■ Raw data:
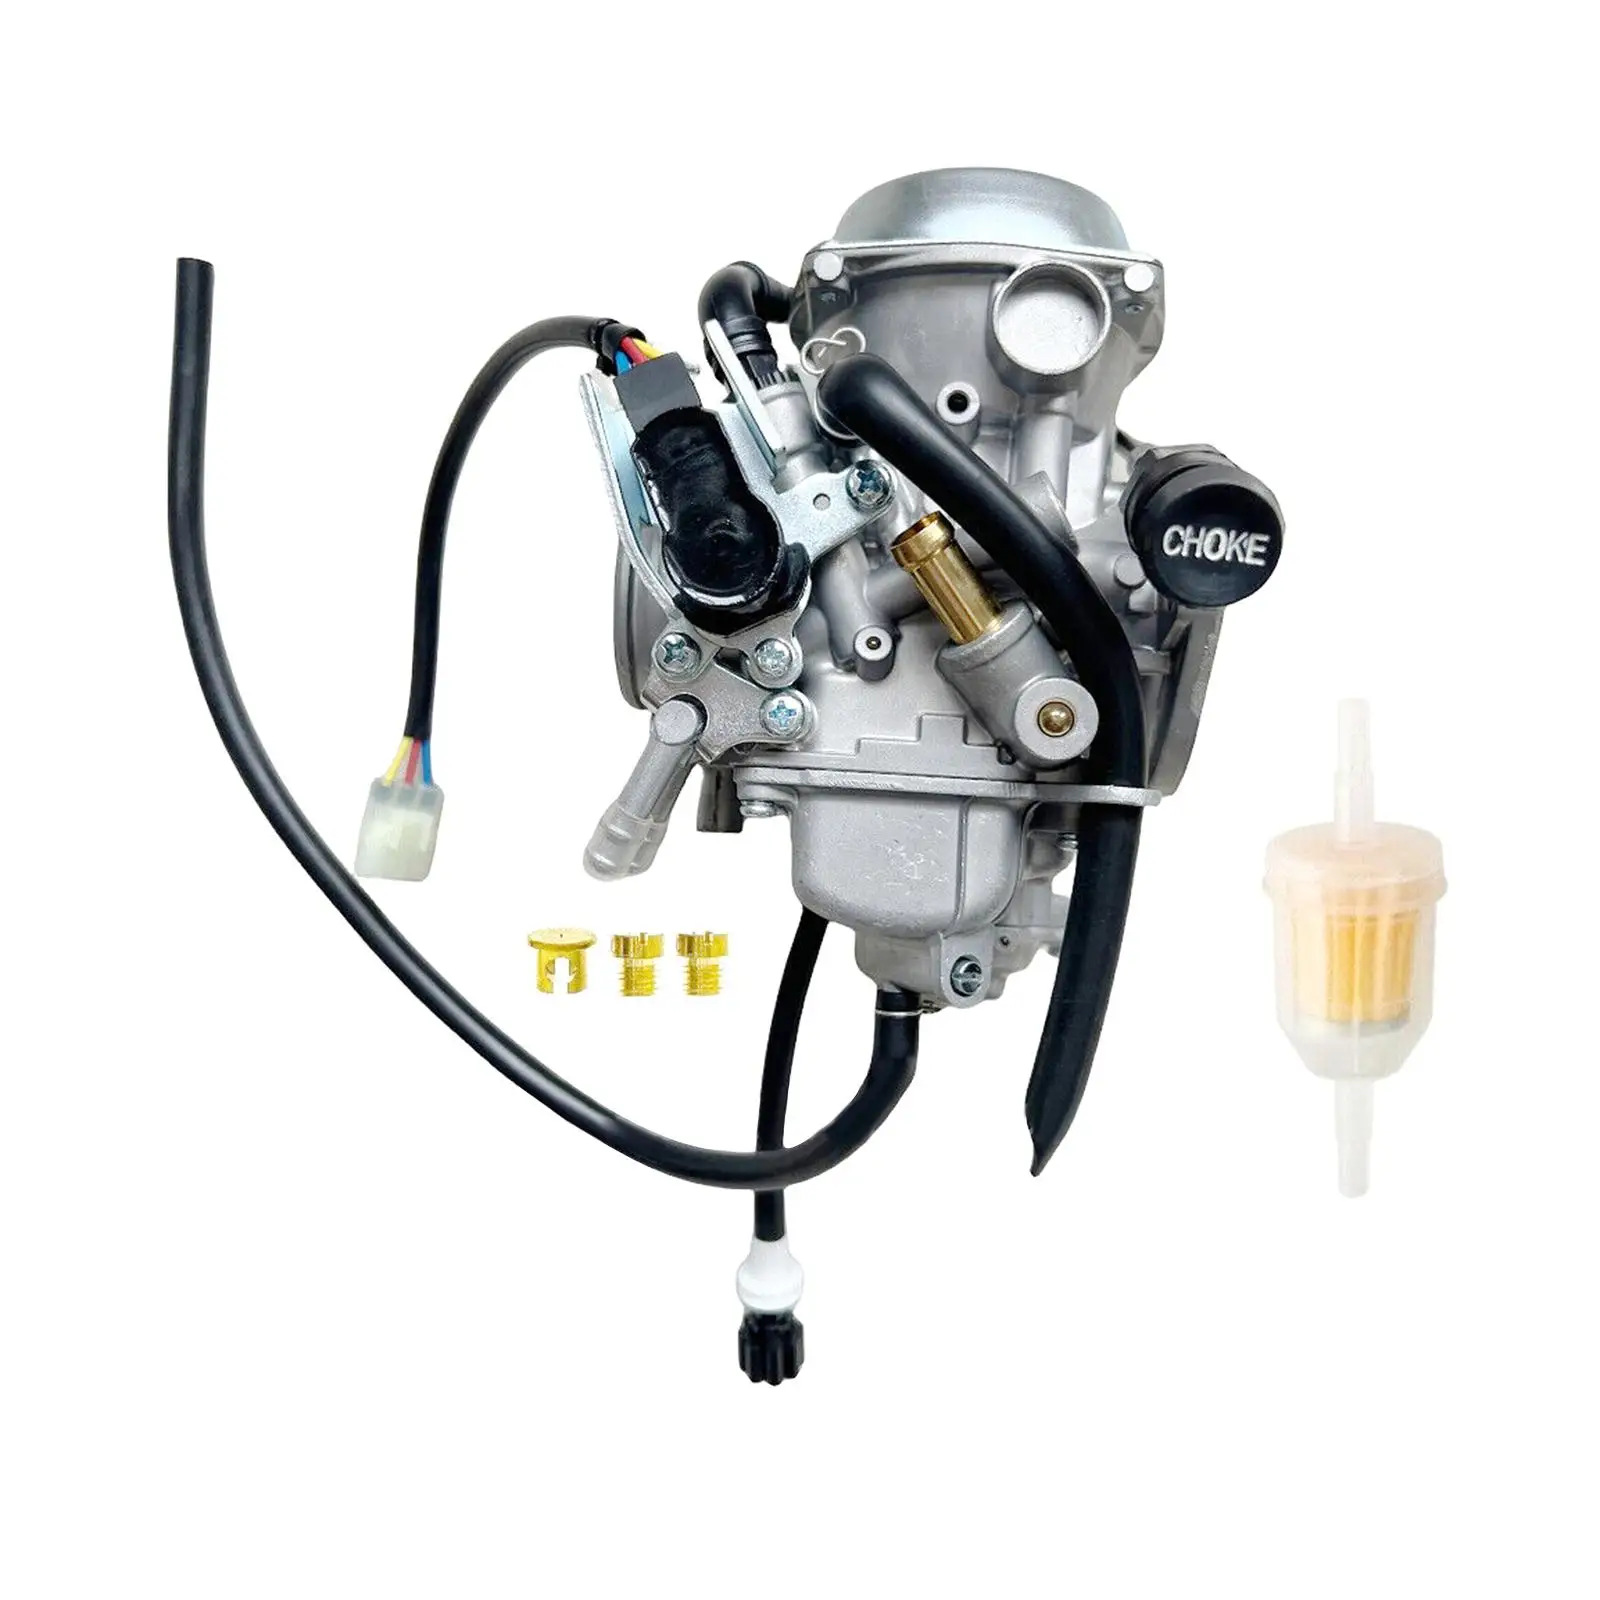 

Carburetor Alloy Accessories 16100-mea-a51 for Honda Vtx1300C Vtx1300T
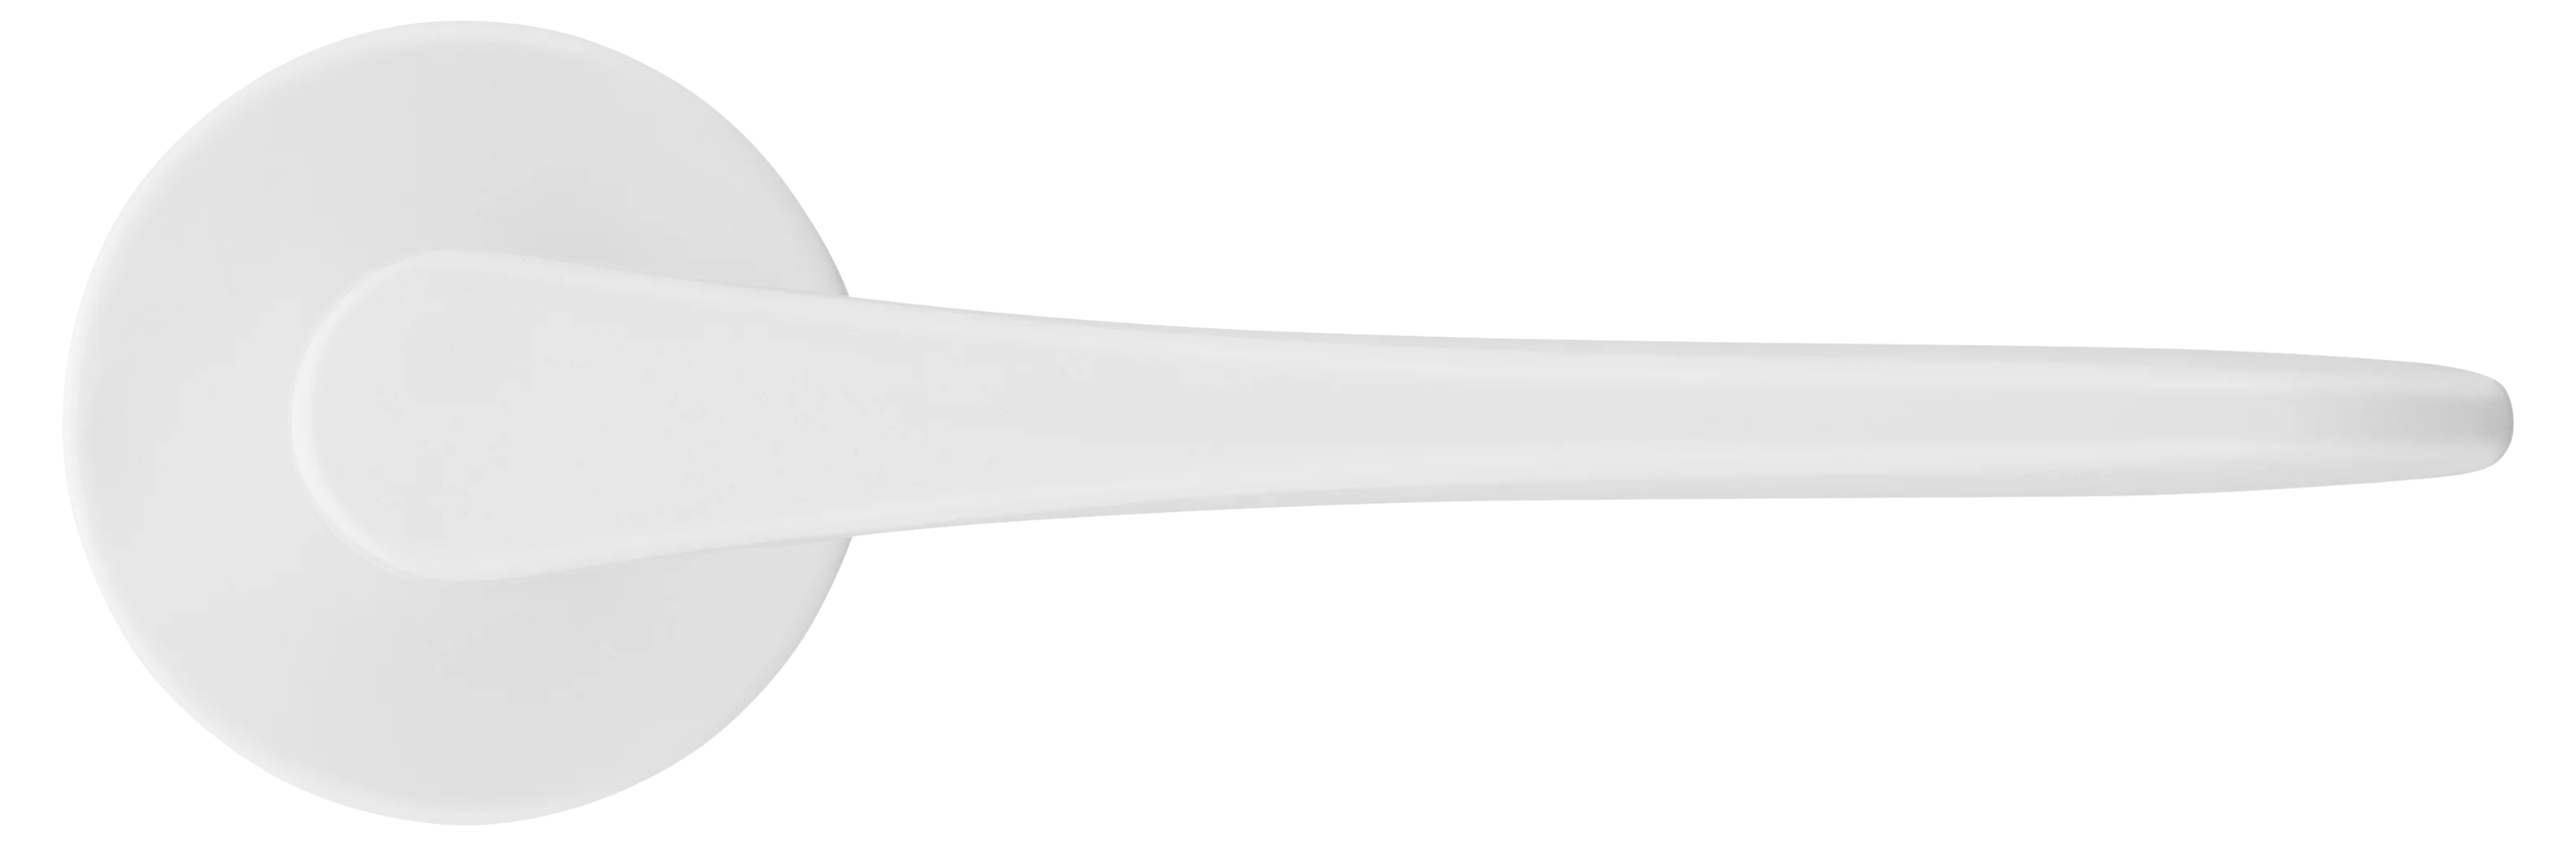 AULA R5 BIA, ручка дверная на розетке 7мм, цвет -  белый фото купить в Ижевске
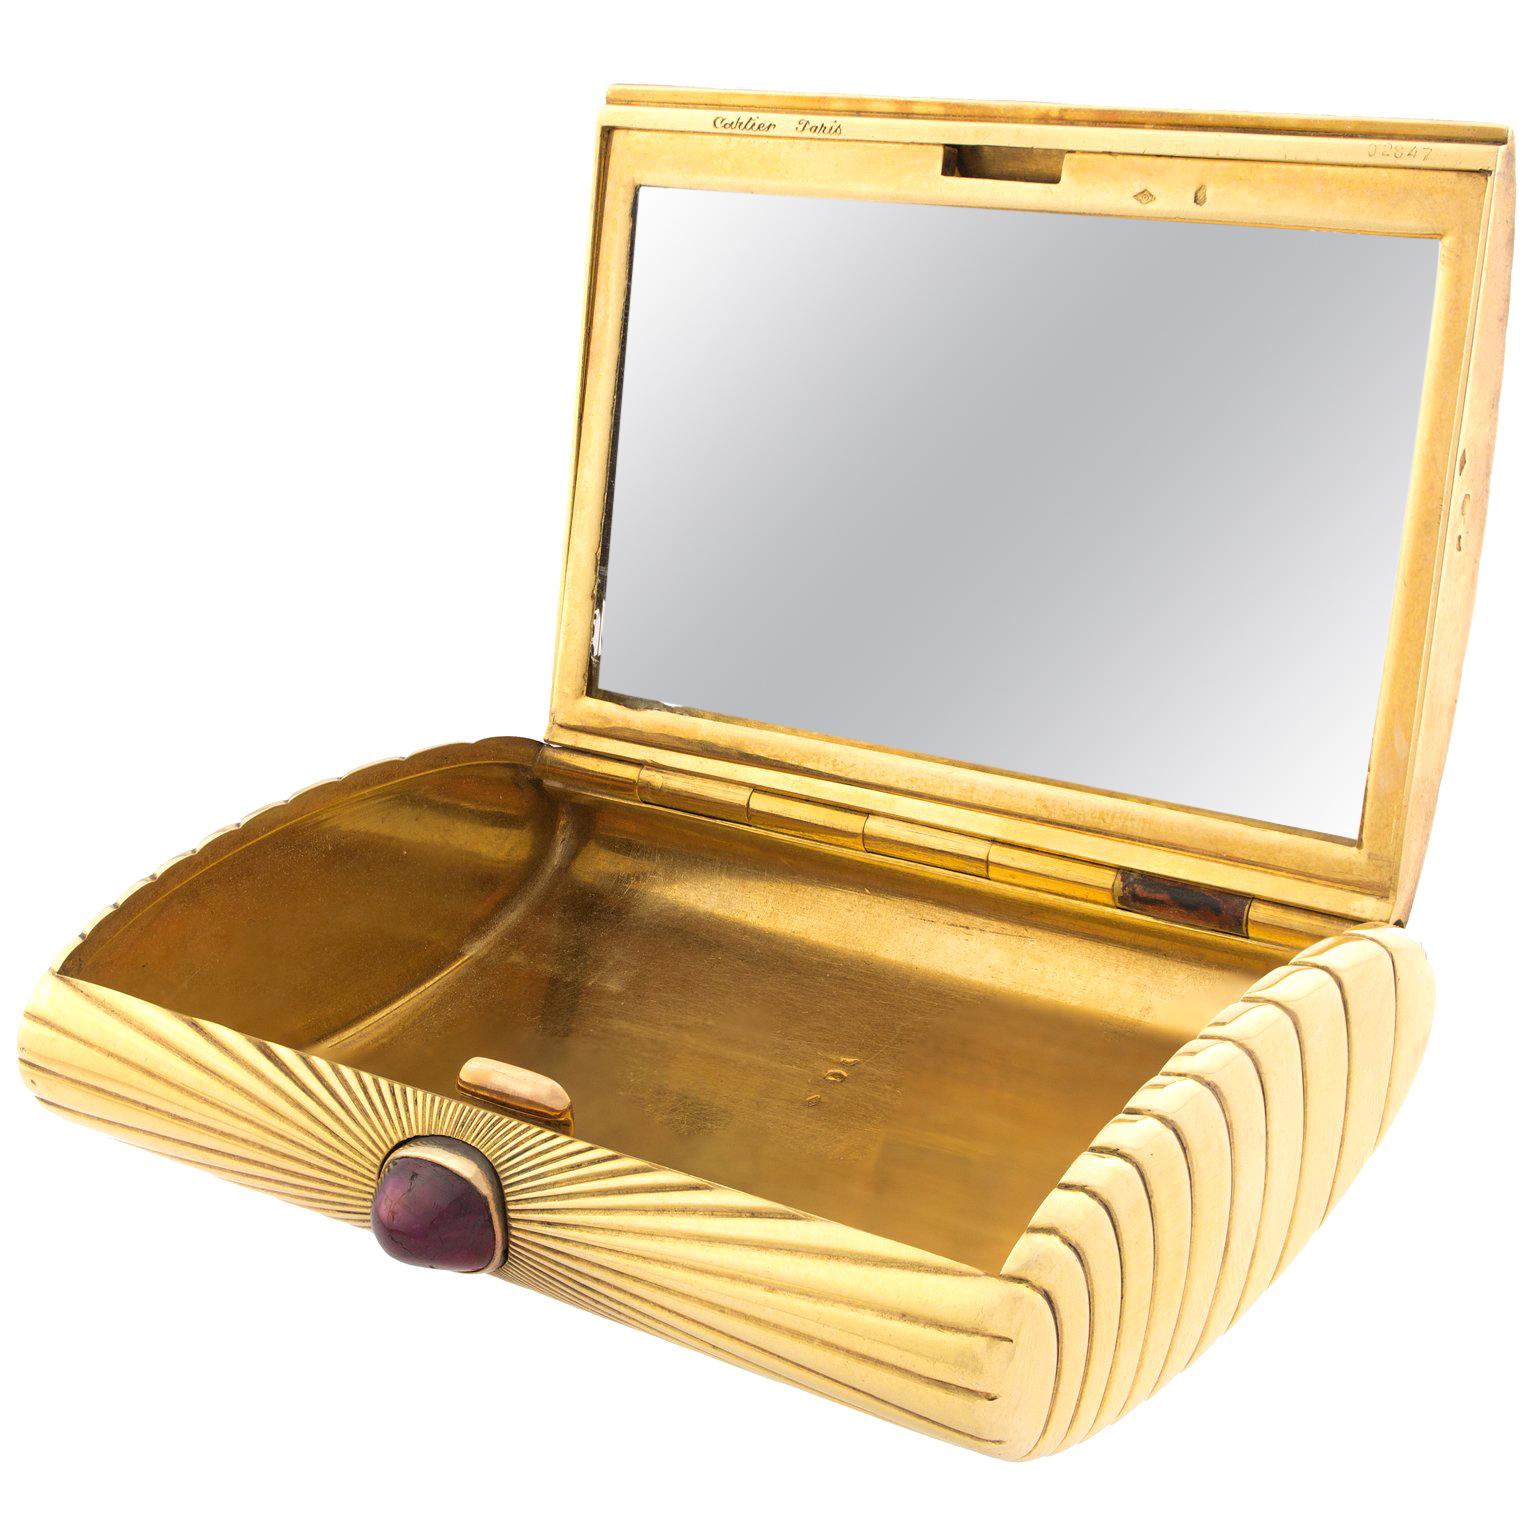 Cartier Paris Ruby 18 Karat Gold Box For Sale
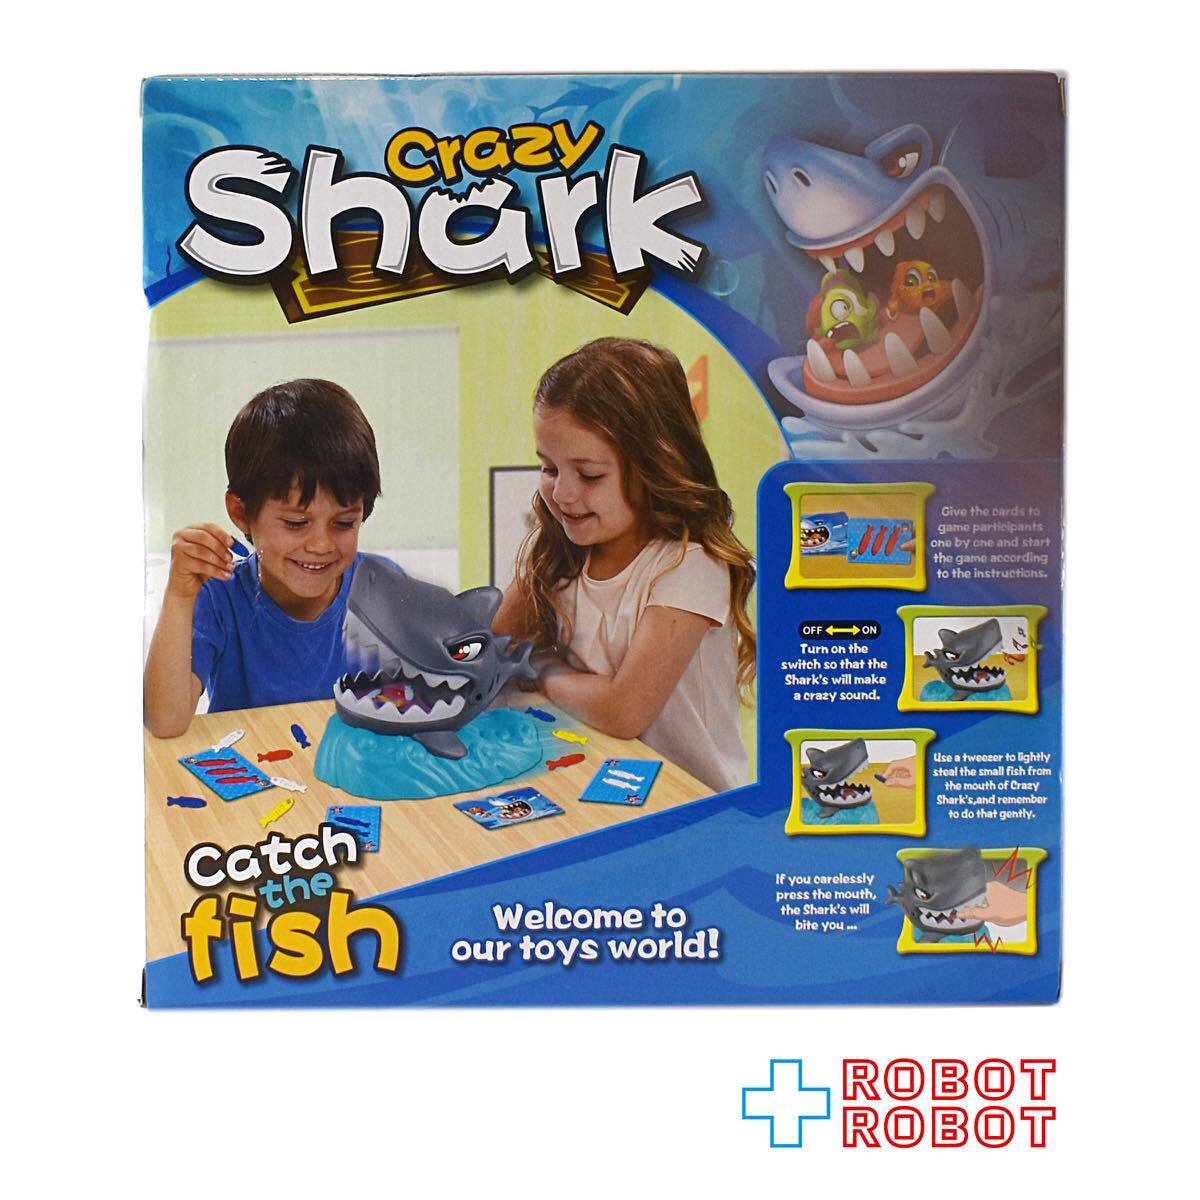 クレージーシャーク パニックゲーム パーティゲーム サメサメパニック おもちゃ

■ Task prompt:
Give again, word for word, only the lines from the line containing "AULA R5 BIA, ручка" through the last line above, both included; leave the pictures out.

■ Written solution:
 AULA R5 BIA, ручка дверная на розетке 7мм, цвет -  белый фото купить в Ижевске
 Cartier Paris Ruby 18 Karat Gold Box For Sale
 クレージーシャーク パニックゲーム パーティゲーム サメサメパニック おもちゃ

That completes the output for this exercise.